Compensation board needed to ensure Marawi rehab – solon

Maranaos displaced by the 2017 Marawi siege stage rally. STORY: Compensation board needed to ensure Marawi rehab – solon

Maranaos who were displaced during the 2017 Marawi siege and members of civil society groups staged a rally on May 23, 2022, to call on the government to speed up the release of compensation so they can rebuild their homes. (File photo by DIVINA M. SUSON / Inquirer Mindanao)

MANILA, Philippines — President Ferdinand Marcos Jr. should establish the Marawi Compensation Board immediately to ensure that the rehabilitation of the war-torn city would continue.

Lanao del Sur 1st District Rep.

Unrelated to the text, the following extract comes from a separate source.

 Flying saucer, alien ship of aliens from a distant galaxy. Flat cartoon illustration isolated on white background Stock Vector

Zia Alonto Adiong presented the idea in a privilege speech during Monday’s session of the House of Representatives.

Creating the board, Adiong said, would be crucial, being a requirement before the Marawi Siege Compensation Act of 2022 (Republic Act No. 11696) could be implemented.

According to Adiong, the law states that board members are required to have “a strong understanding of the compensation as a result of rights recognition — both under Philippine law and international law.”

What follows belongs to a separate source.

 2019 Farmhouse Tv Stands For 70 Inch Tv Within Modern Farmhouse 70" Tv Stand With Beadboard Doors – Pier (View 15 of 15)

All of the nine members of the board should be appointed by the president.

“On this note, we respectfully appeal to the president to consider the immediate constitution of the Marawi Compensation Board, and the appointment of its nine members, in accordance with the qualifications laid out in the Marawi Compensation Act,” Adiong said.

He added explained that, since the start of the rehabilitation of Marawi, residents had been requesting for a reclassification of lands to their rightful owners or communities that had been in Marawi City for several generations.

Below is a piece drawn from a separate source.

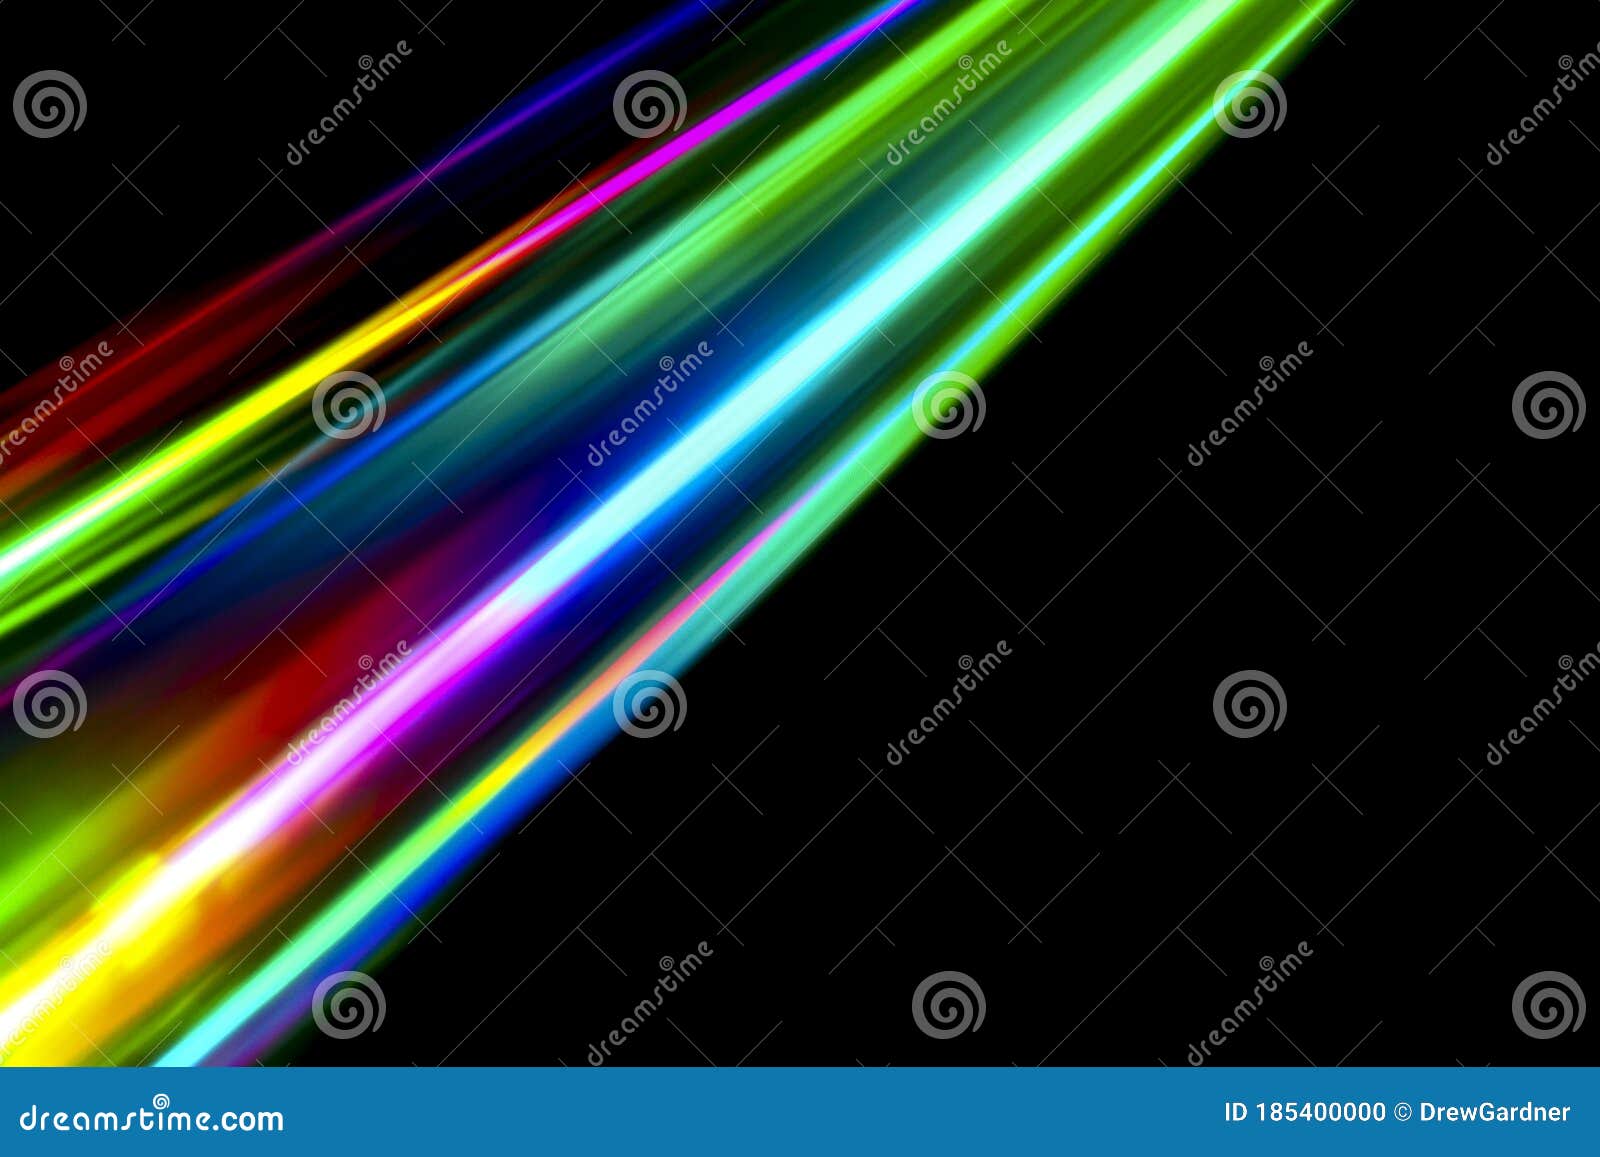 Beams of Light Refracting and Creating a Rainbow Stock Photo - Image refracting, tech: 185400000

“While we acknowledge the ongoing efforts of the Department of Agrarian Reform towards the distribution of lands in Camp Keithley to identified farmer-beneficiaries in the area, there is also a need to account for traditions and cultural sensibilities that are distinct to the people of Marawi City and their relationship to land,” Adiong said.

Over the years, there have been stories about Marawi residents who left their houses, having lost their rights to their land when the Islamic State sympathizers of the Maute Group laid siege to  the city in May 2017.

In July 2021, the Philippine Daily Inquirer ran a story about a group of Marawi residents who decried the government’s decision to allegedly “sequester” at least 16 hectares of land in four villages inside ground zero without their consent.

Lawyer Ibrahim Mimbalawag, a Marawi resident and one of the affected landowners, said in the report that several residents could not return to their villages as the National Housing Authority (NHA) and the city government had allocated the area for infrastructure projects to rehabilitate the country’s lone Islamic city.

Former President Rodrigo Duterte blamed this issue as the reason for the slow rehabilitation of Marawi. The city was cleaned up by military units by October 2017, but a lot of displaced residents have not returned to the city.

Adiong meanwhile appealed to President Marcos to consider the plight of the people in Marawi.

“Land is central to the rehabilitation and recovery of Marawi City, and Task Force Bangon Marawi in its latest report, particularly in the section regarding harmonization of land records, recognizes just as much. Marawi City’s total land area nearly covers 9,000 hectares – more than two-thirds of which has been classified as a military reservation since the Americans built their first camp in the area during the 1900s,” he said.

“Along with the legal implications, we humbly appeal to the president to consider the lived realities of the Meranao people as the executive branch pursues the continued reclassification and redistribution of lands in Marawi City,” he added.